An unsettling video from the U.S. Army’s Psychological Operations (PSYOP) division portrays faceless heads and displays and entones cryptic messages in order to recruit more soldiers for intellectual warfare.
“Ghosts in the Machine 2” was quietly released in the early morning hours of Thursday on the branch’s 4th PSYOP Group YouTube channel, exactly two years after the drop of the similarly perplexing original “Ghosts in the Machine” recruitment video.
The video starts with a quote from Nobel prize-winning author John Steinbeck on a pitch-black screen: “I am a little man and this is a little town, but there must be a spark in little men that can burst into flame.”

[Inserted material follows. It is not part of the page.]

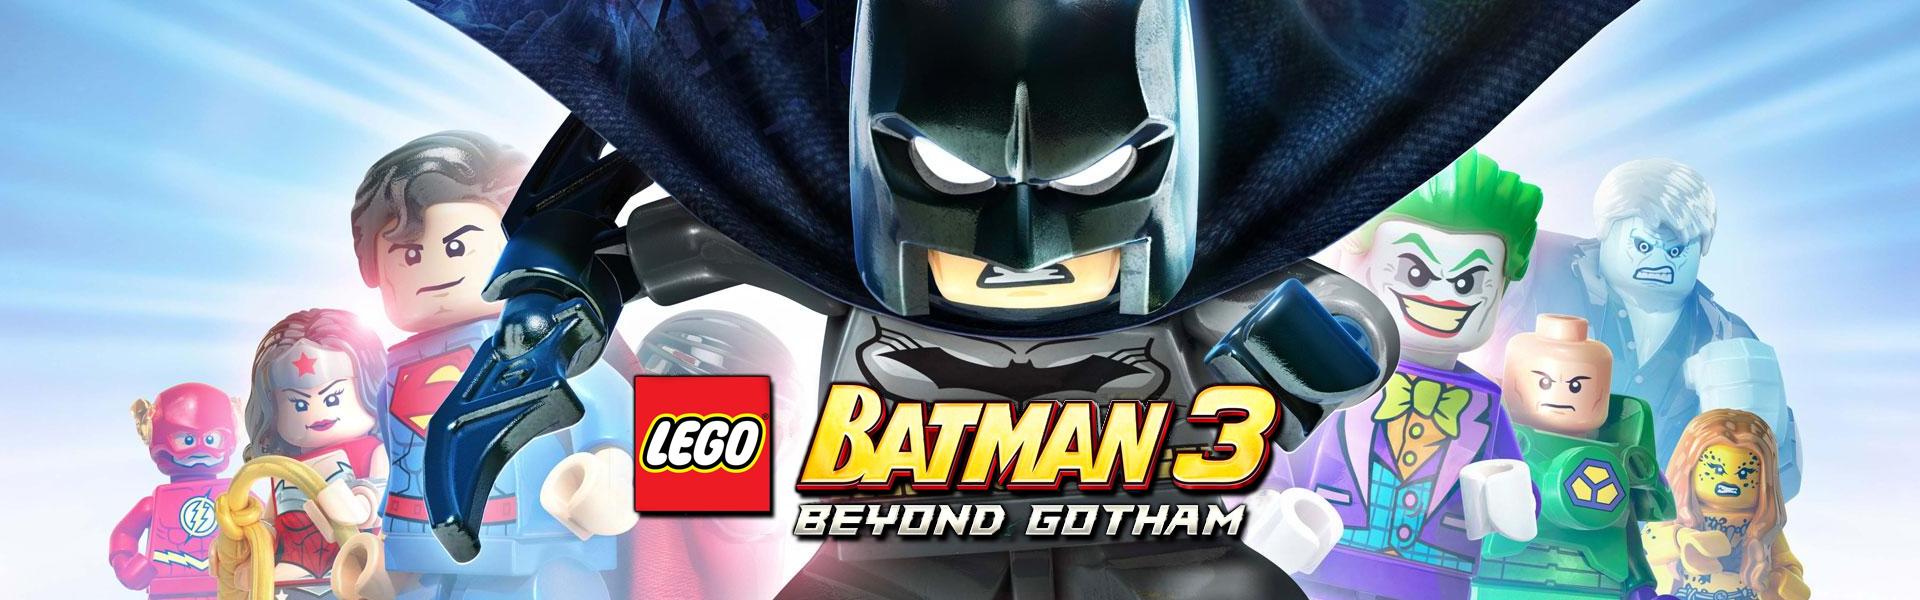 http://robwestwood.com/wp-content/uploads/2013/01/Batman-3-Banner.jpg

An audio recording of some of the late President John F. Kennedy’s June 1963 remarks in West Berlin then plays in the background as the on-screen text states that the biggest “weapon” in the hands of an oppressor is “the mind of the oppressed.”

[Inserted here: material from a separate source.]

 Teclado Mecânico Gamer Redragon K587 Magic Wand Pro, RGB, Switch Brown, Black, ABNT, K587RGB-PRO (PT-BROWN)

Dark, haunting imagery including masks, ghosts, and burning, faceless mannequins flashes across the scene as recognizable historic speeches and flashing text continue:
“Behind every idea… a belief… PSYWAR”
“Behind every choice… invisible hands”
“Behind every emotion… fire”
The video ends with intense music, war footage, and the question: “Do you believe in the power of words and ideas?”
“WE BELIEVE” is then displayed in large font before the link to the Army’s Special Operations recruiting page.

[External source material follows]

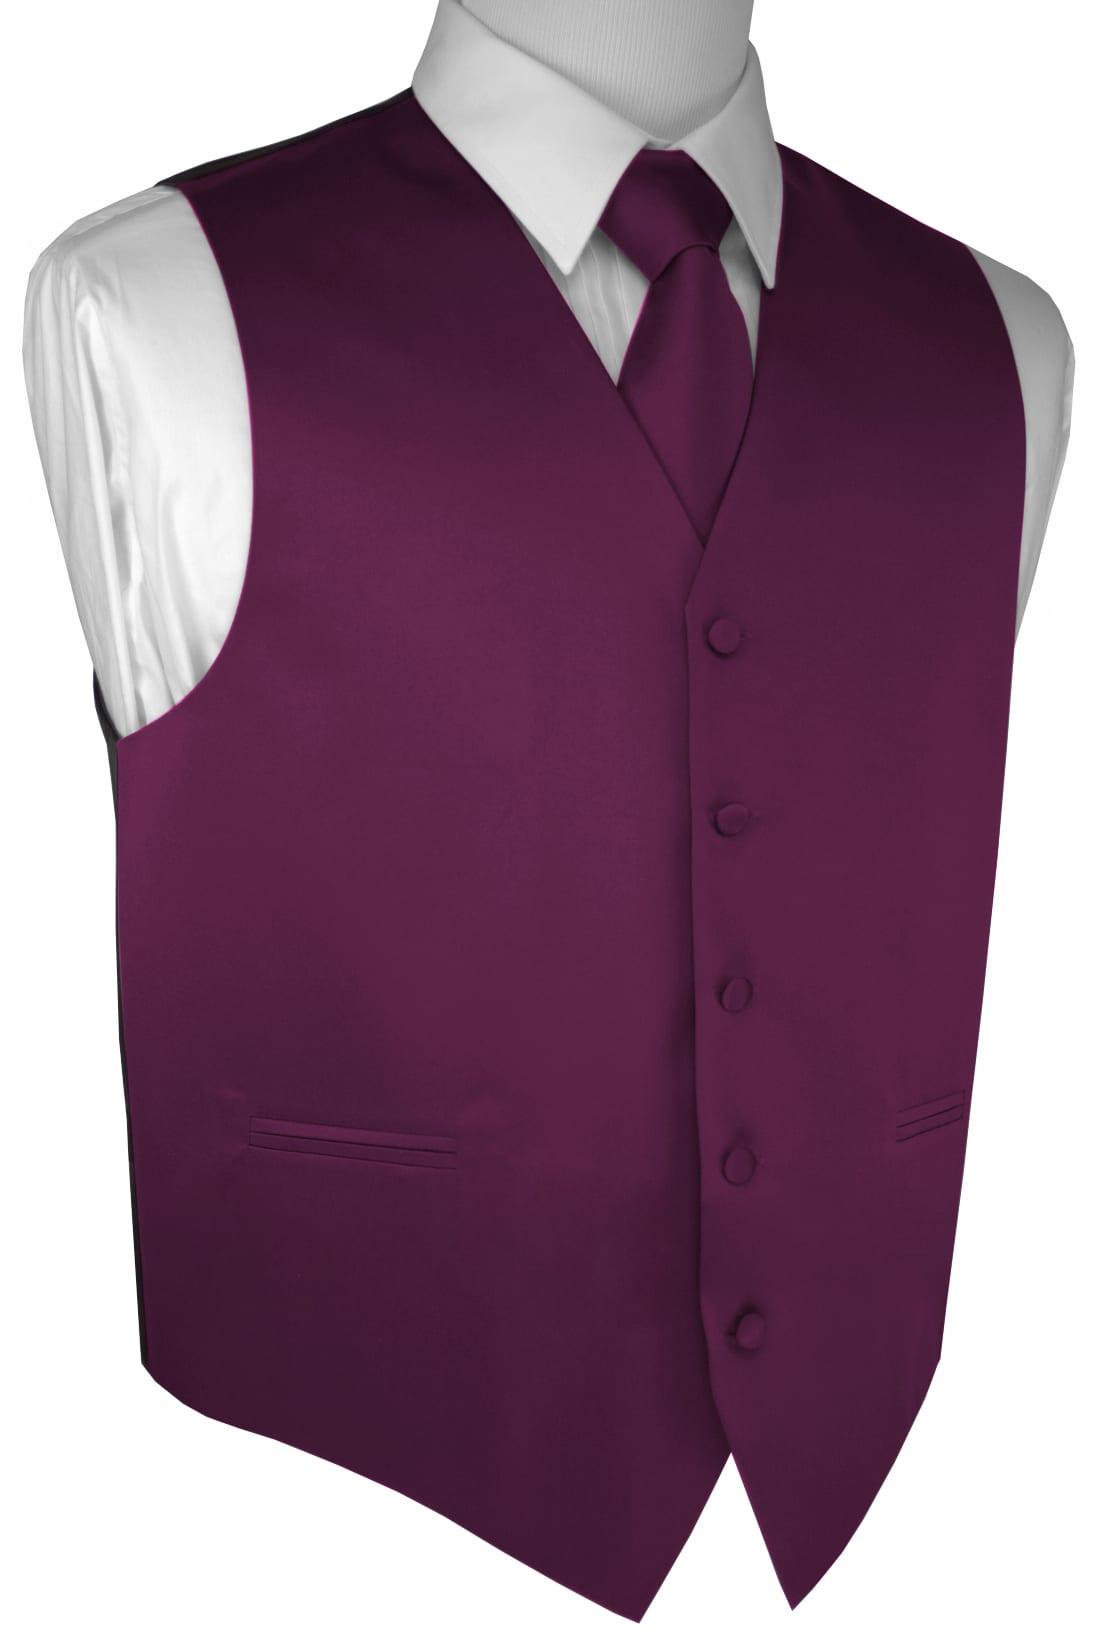 Dress Wedding Tie and Hankie Formal Men/'s Solid Satin Tuxedo Vest Prom

According to the branch’s PSYOP career page, soldiers are trained to “strategically influence and deceive” in order to “help sway opinions and actions of foreign governments, groups, and individuals.”
“It’s a recruiting video,” the Army major who created the video told the Associated Press ahead of the release. “Someone who watches it and thinks, wow, that was effective, how was it constructed — that’s the kind of creative mindset we’re looking for.”
The major, who asked to not be named, is a member of the 8th Psychological Operations Group based at Fort Liberty, North Carolina.